Choose when and how you’re going to donate. Decide in advance when and how much you can afford and allow for unexpected circumstances (acute patients arriving at short notice, etc.). 

It’s difficult to say no, but you are doing your clients, patients and the community a favour by remaining viable.


Automate your practice

Automate as many repetitive and mundane tasks as possible to make you and your team more efficient. Accept bookings online (consider only accepting bookings online if it would free people up from the phones), automate reminders and use consult and sales templates to minimise the amount of data entry you need to do each day. 

This will help to reduce stress levels and, as you’ll be doing less mundane stuff, it will make work more fun. As an added benefit, you’ll reduce missed appointments, missed charges, etc.

Systems like Panacea, our cloud-based veterinary practice software, allow you to automate the mundane daily tasks and simplify your workload. Click here to sign up for your complimentary demo and 30-day free trial.
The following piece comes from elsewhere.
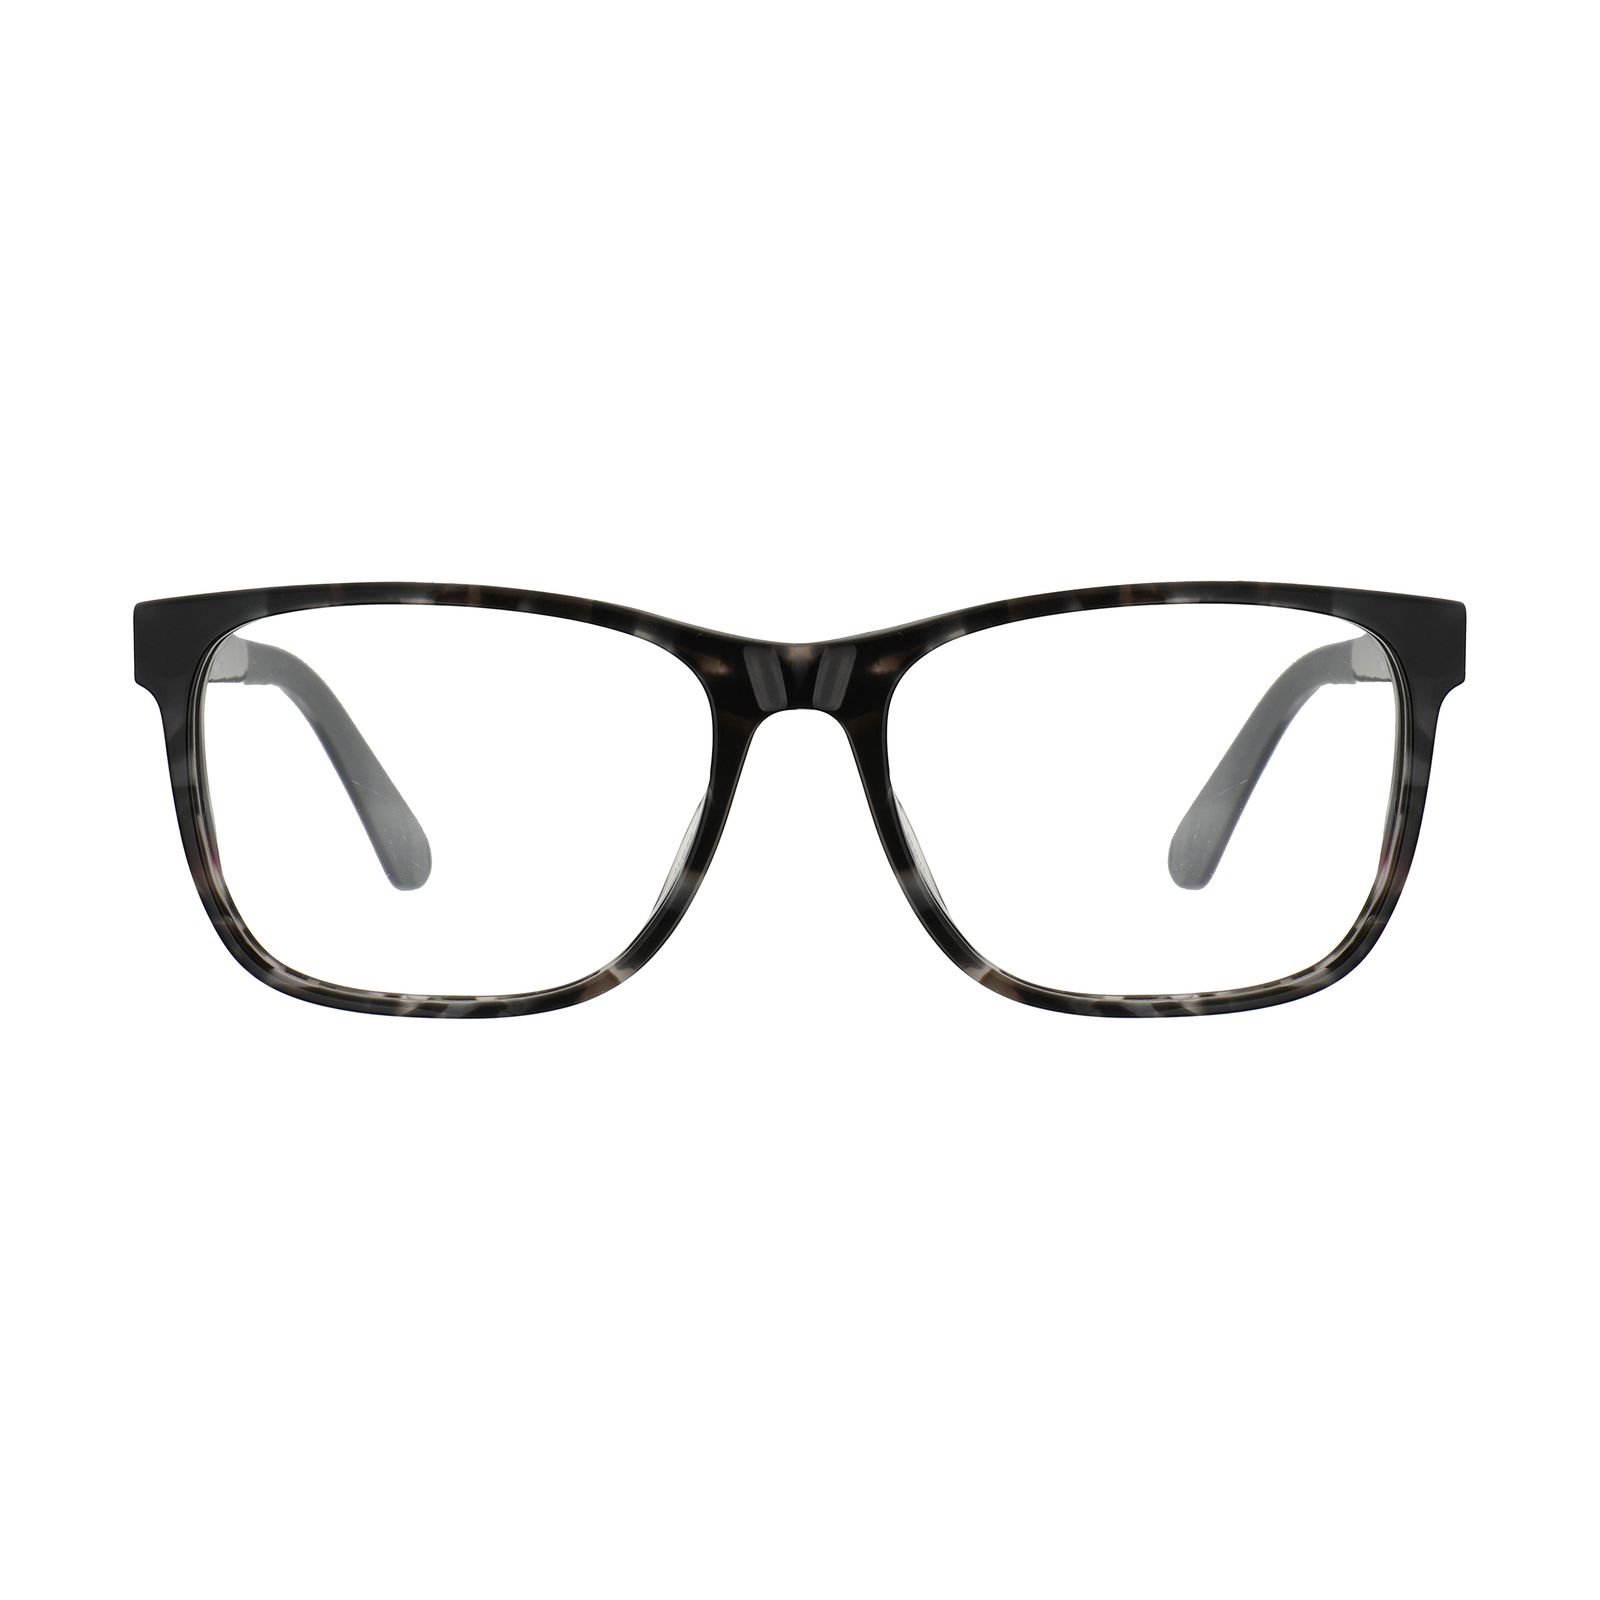 فریم عینک طبی زنانه کارولینا هررا مدل VHE858N-721 -  - 1

Move difficult customers on

We all know how difficult it is to deal with customers who are rude, threatening or bullying. These customers are not only bad for your mental health but, because they’re often the first to dispute a bill and to badmouth you to others, they’re typically bad for business also.

Move them on.

There’s no shortage of clients and patients who need your services and who you can build positive relationships with.

Don’t put up with bad behaviour and never let a client blackmail you into treating their animal – this only encourages the bad behaviour.
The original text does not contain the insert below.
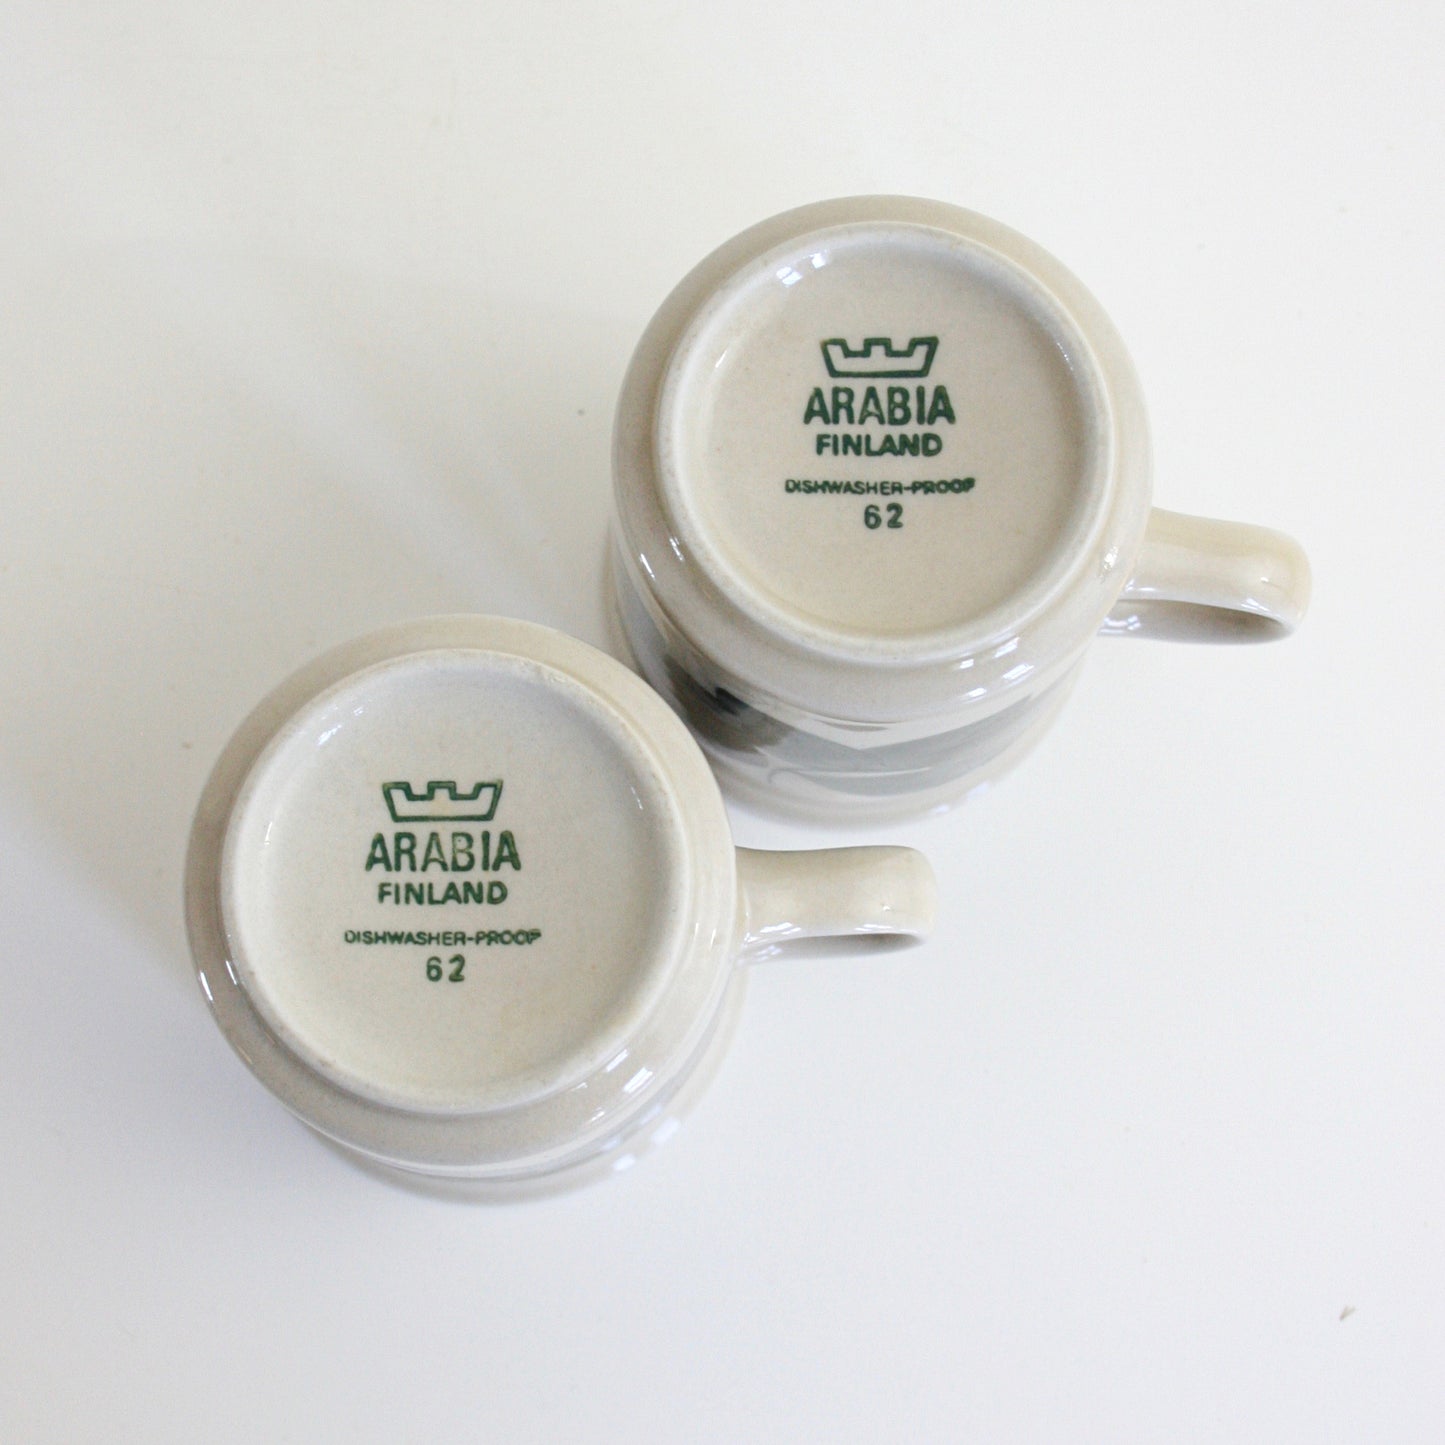 SOLD - Vintage Arabia Finland Ruija Coffee Mugs

While you’re at it, ask yourself if there’s anyone on your team who’s a negative influence. It’s hard enough to deal with difficult customers – it’s that much harder if you have a bully on your own team.


Find time out of the clinic

Yes, this does apply to you, as well as the rest of your team. Schedule time when you’re out of the clinic and your phone is turned off. Do something non-work-related, even if it means doing nothing at all.


Check in with others

Checking in on your team, and others within the industry, is not only likely to be beneficial for them, but it can also help improve your own mental health along the way.
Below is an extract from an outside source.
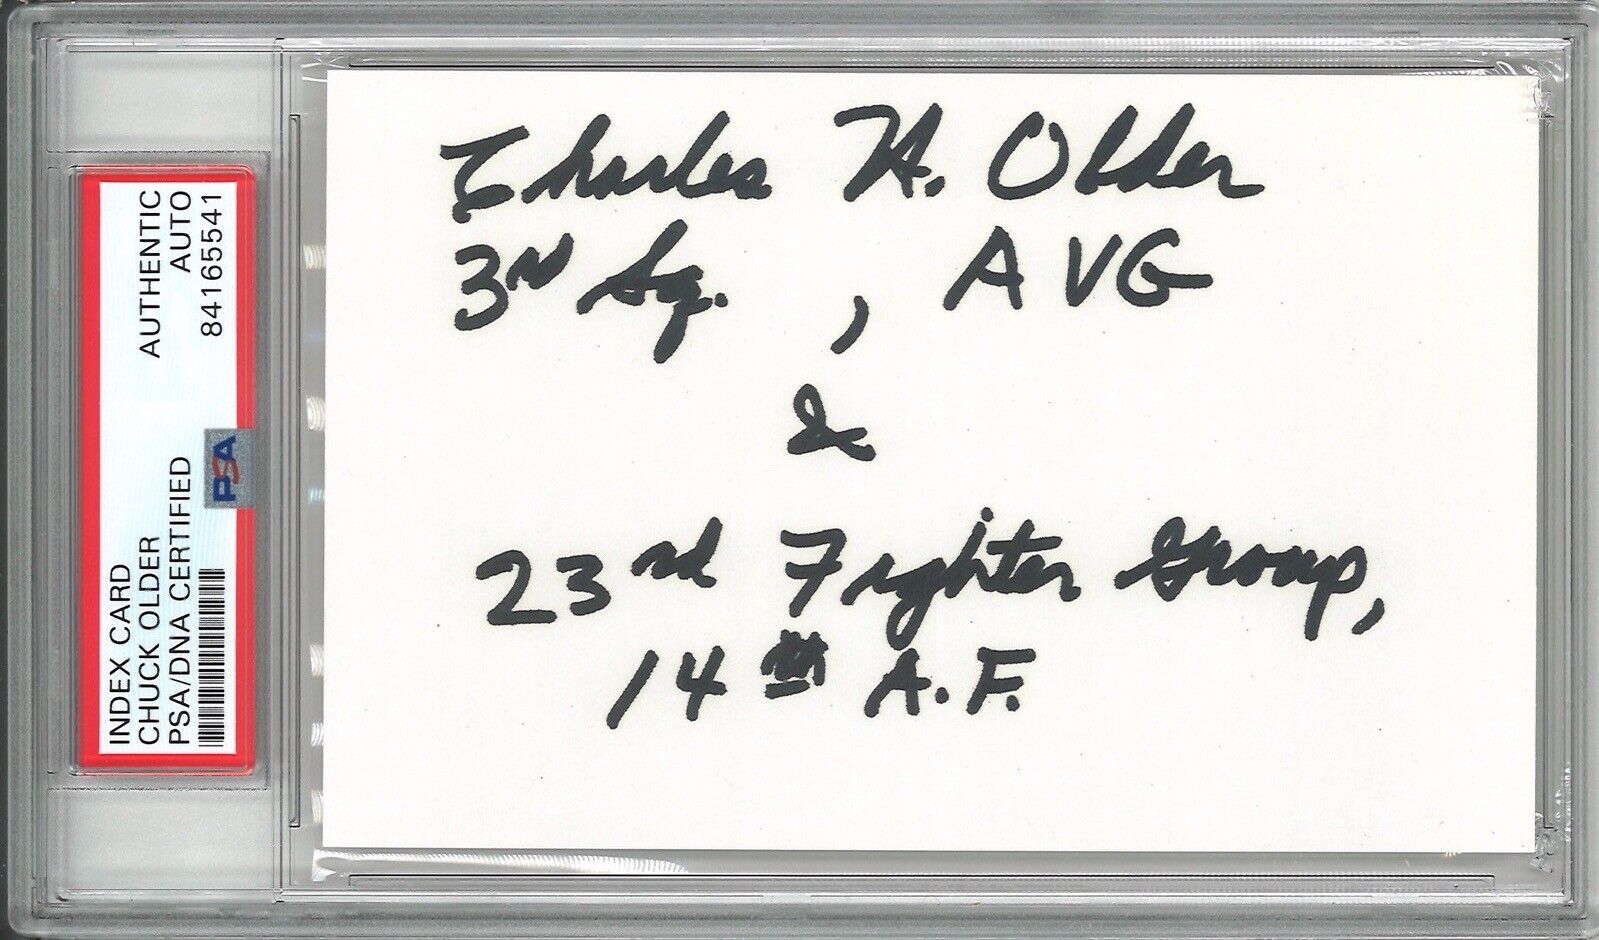 CHARLES OLDER SIGNED INDEX CARD PSA DNA 84165541 WWII ACE 18.25V AVG TIGER

Go deeper than simply asking ‘how are you?’. Put time aside to have meaningful conversations and to share your own experiences. 

If you think someone is struggling, then be prepared to ask direct questions about their state of mind.  Don’t be afraid to ask about their stress levels, whether they’ve been having dark or troubling thoughts or even if they’ve been considering self-harm. If you suspect that someone is struggling then don’t be afraid to encourage them to seek help – often our fear of awkwardness or embarrassment prevents us from offering help when it’s needed most.


Above all, reach out for help

Veterinary professionals, who can be better at providing help than at seeking it for themselves, are often reluctant to reach out for help. The reasons for this can be complex and many, but it’s important to remember that seeking help is a sign of strength, not weakness.

Approximately 20% of women and 15% of men will experience depression and a quarter of us will experience anxiety in our lifetimes. Evidence suggests that depression and anxiety rates are higher within the vet profession than within the general population.

Even as a trained medical professional it can be difficult to recognise the signs of depression and anxiety within yourself, particularly if you’re constantly on the run.

Check in with yourself regularly to assess how well you’re coping and whether you’re displaying symptoms of anxiety or depression. Use reputable online tools to assess yourself regularly. People are often surprised at their own results.

Most important, if you need help then don’t hesitate to reach out for it. 

Both the New Zealand Vet Council and the Australian Veterinary Association provide excellent support and resources and your local vet industry body is likely to do the same if you live elsewhere.

If you’re experiencing anxiety or depression then seek medical help. All vet professionals know how important it is for animal owners to seek veterinary advice early and often. The same goes for you – don’t ‘battle on’ see your GP and get help when you need it.